Closed tianyu-z closed 3 years ago
@vict0rsch Yeah, I totally agree with your commit. In order to better load/resume an intermediate model, I added an option in defaults.yaml to load a model by the exact path to the pth model.
Besides, according to recent training exps that I have done, I changed the saving params to:
save_n_epochs: 2 # Save `latest_ckpt.pth` every epoch, `epoch_{epoch}_ckpt.pth` model every n epochs if epoch >= min_save_epoch
min_save_epoch: 28 # Save extra intermediate checkpoints when epoch > min_save_epoch
@tianyu-z I re-implemented the logic. I hope you can agree with me that it is more versatile and robust to errors (especially people using the wrong arguments, this WILL happen)
I created a doc comments in defaults.yaml:
README on load_path
1/ any path which leads to a dir will be loaded as `path / checkpoints / latest_ckpt.pth`
2/ if you want to specify a specific checkpoint, it MUST be a `.pth` file
3/ resuming a P OR an M model, you may only specify 1 of `load_path.p` OR `load_path.m`.
You may also leave BOTH at none, in which case `output_path / checkpoints / latest_ckpt.pth`
will be used
4/ resuming a P+M model, you may specify (`p` AND `m`) OR `pm` OR leave all at none,
in which case `output_path / checkpoints / latest_ckpt.pth` will be used to load from
a single checkpoint
@tianyu-z do you think the code now handles everything we want to cover?
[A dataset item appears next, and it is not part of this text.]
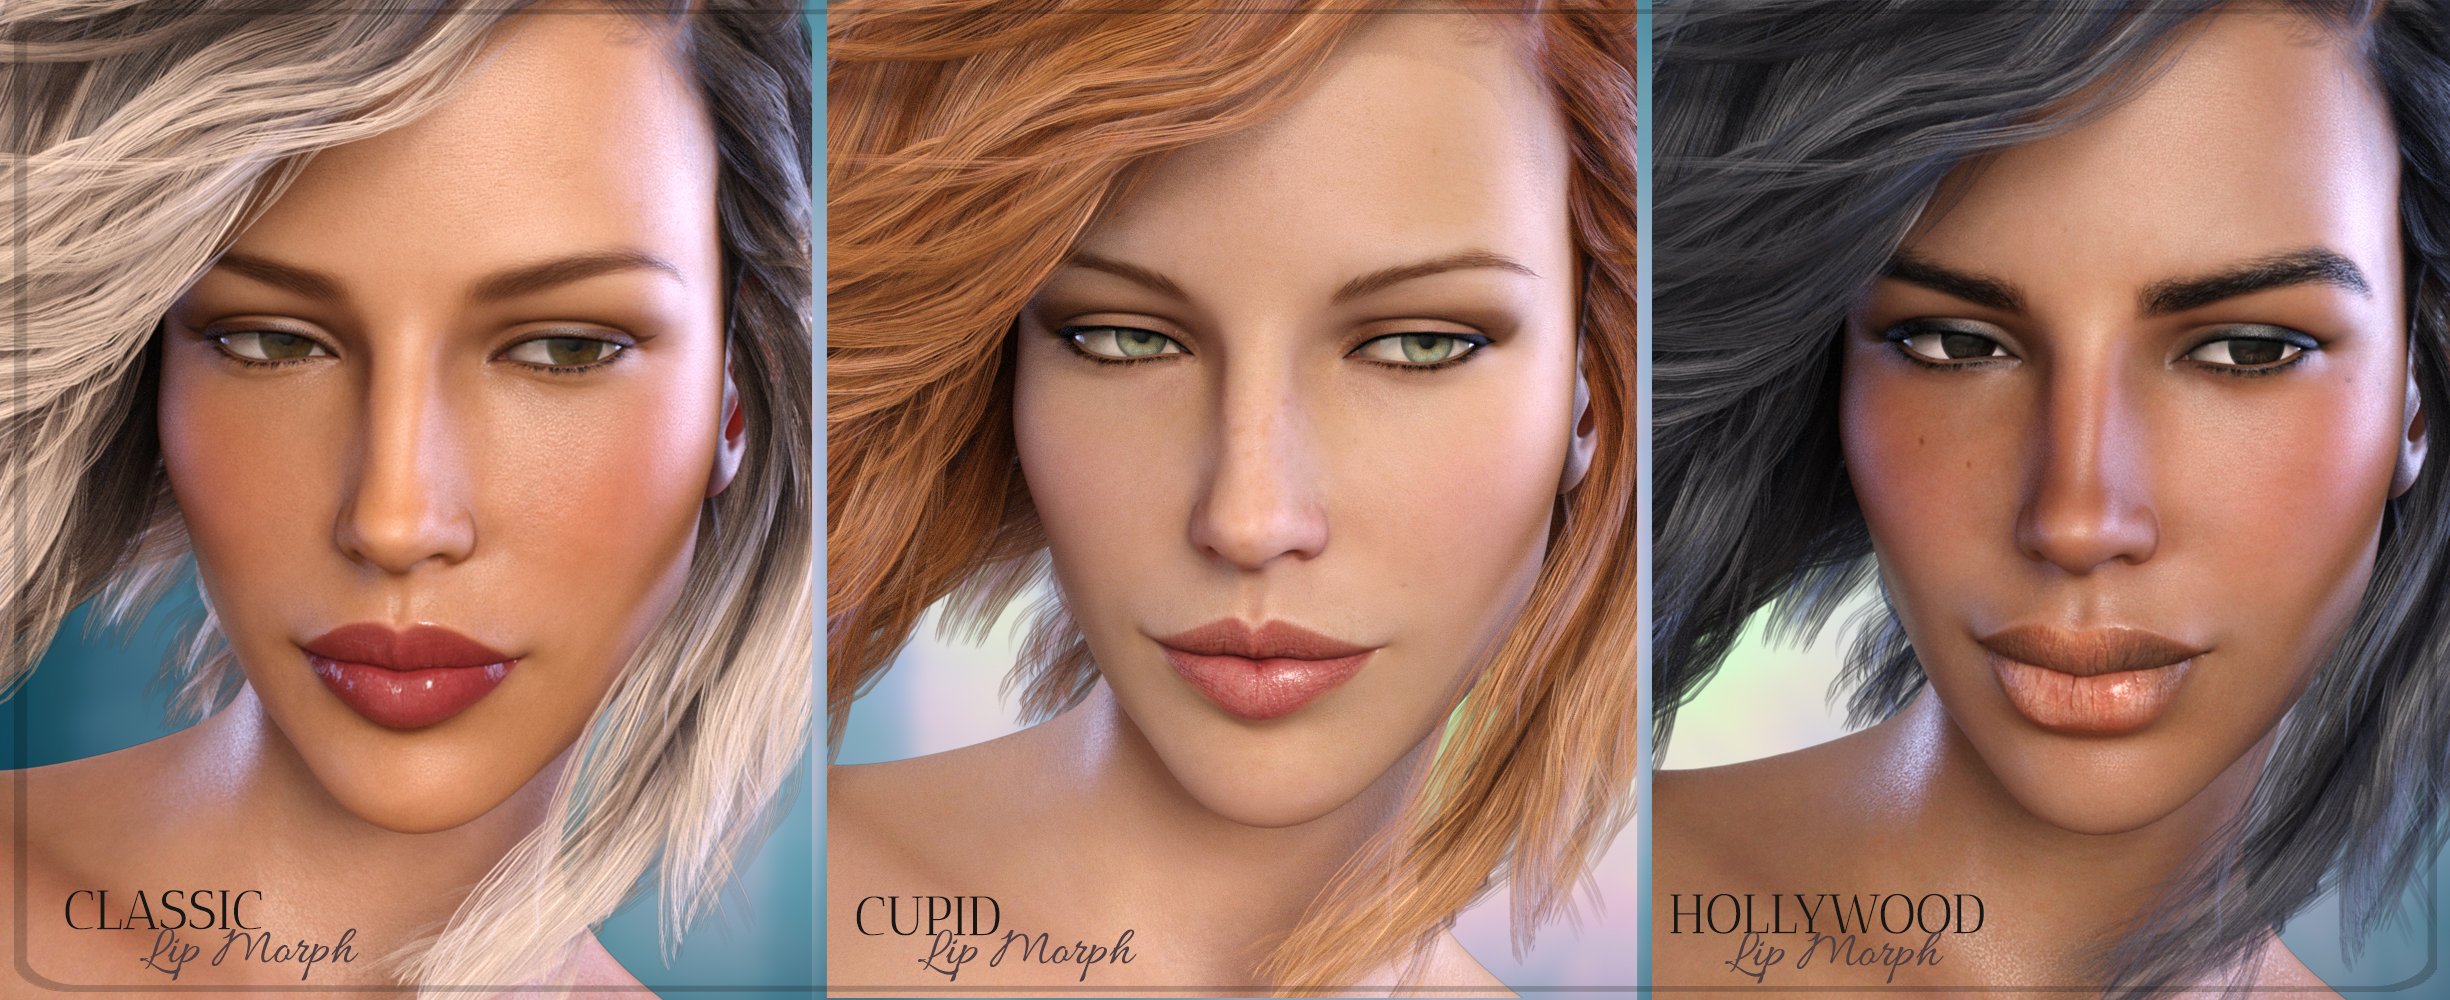 Z Sensuous Lip Morphs for Genesis 8 Female by: Zeddicuss, 3D Models by Daz 3D

Can you see any loophole in the logic?
@tianyu-z do you think the code now handles everything we want to cover? Can you see any loophole in the logic?
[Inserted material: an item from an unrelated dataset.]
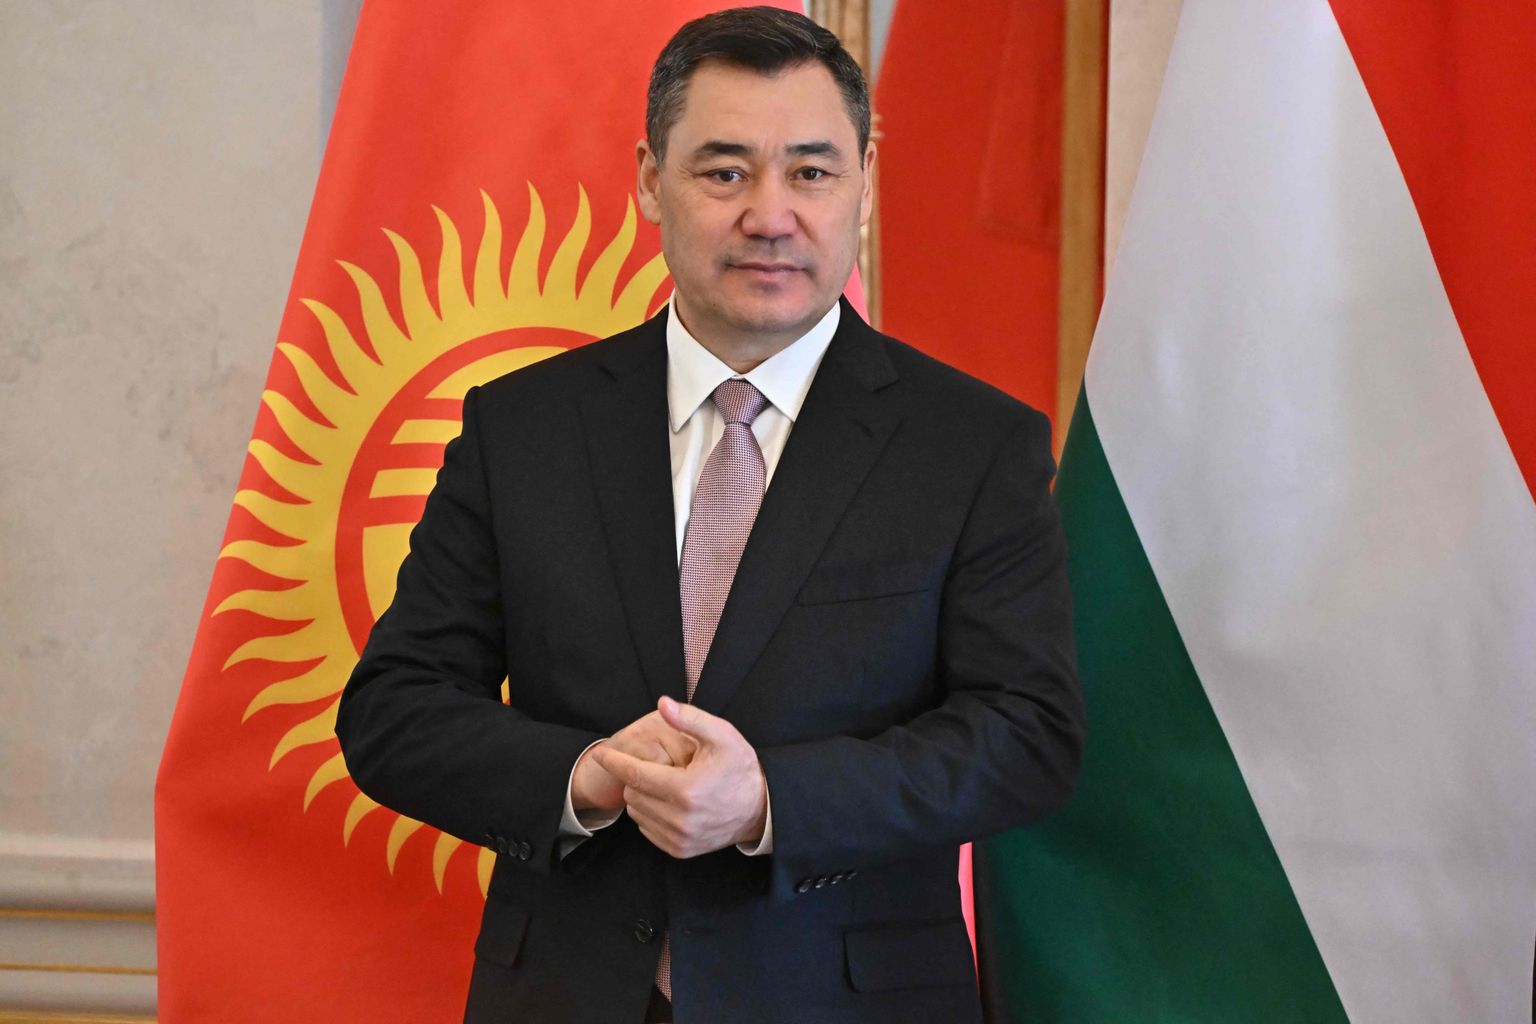 Kõrgõzstani president Sadõr Džaparov

Thanks a lot! I am checking now.
@vict0rsch I don't see any holes in your logic. It's pretty strong. :fire: Sorry, I was not aware that there are other things related to the self.output_path.
No worries but just look for self.output_path
next time to make sure it's safe to not have it point to a directory. And you'll see it's used all over the place
@tianyu-z I simplified the logic. If you agree with my changes let's merge :)
(I think that if we can limit parameters and keep a simple logic, we should do so)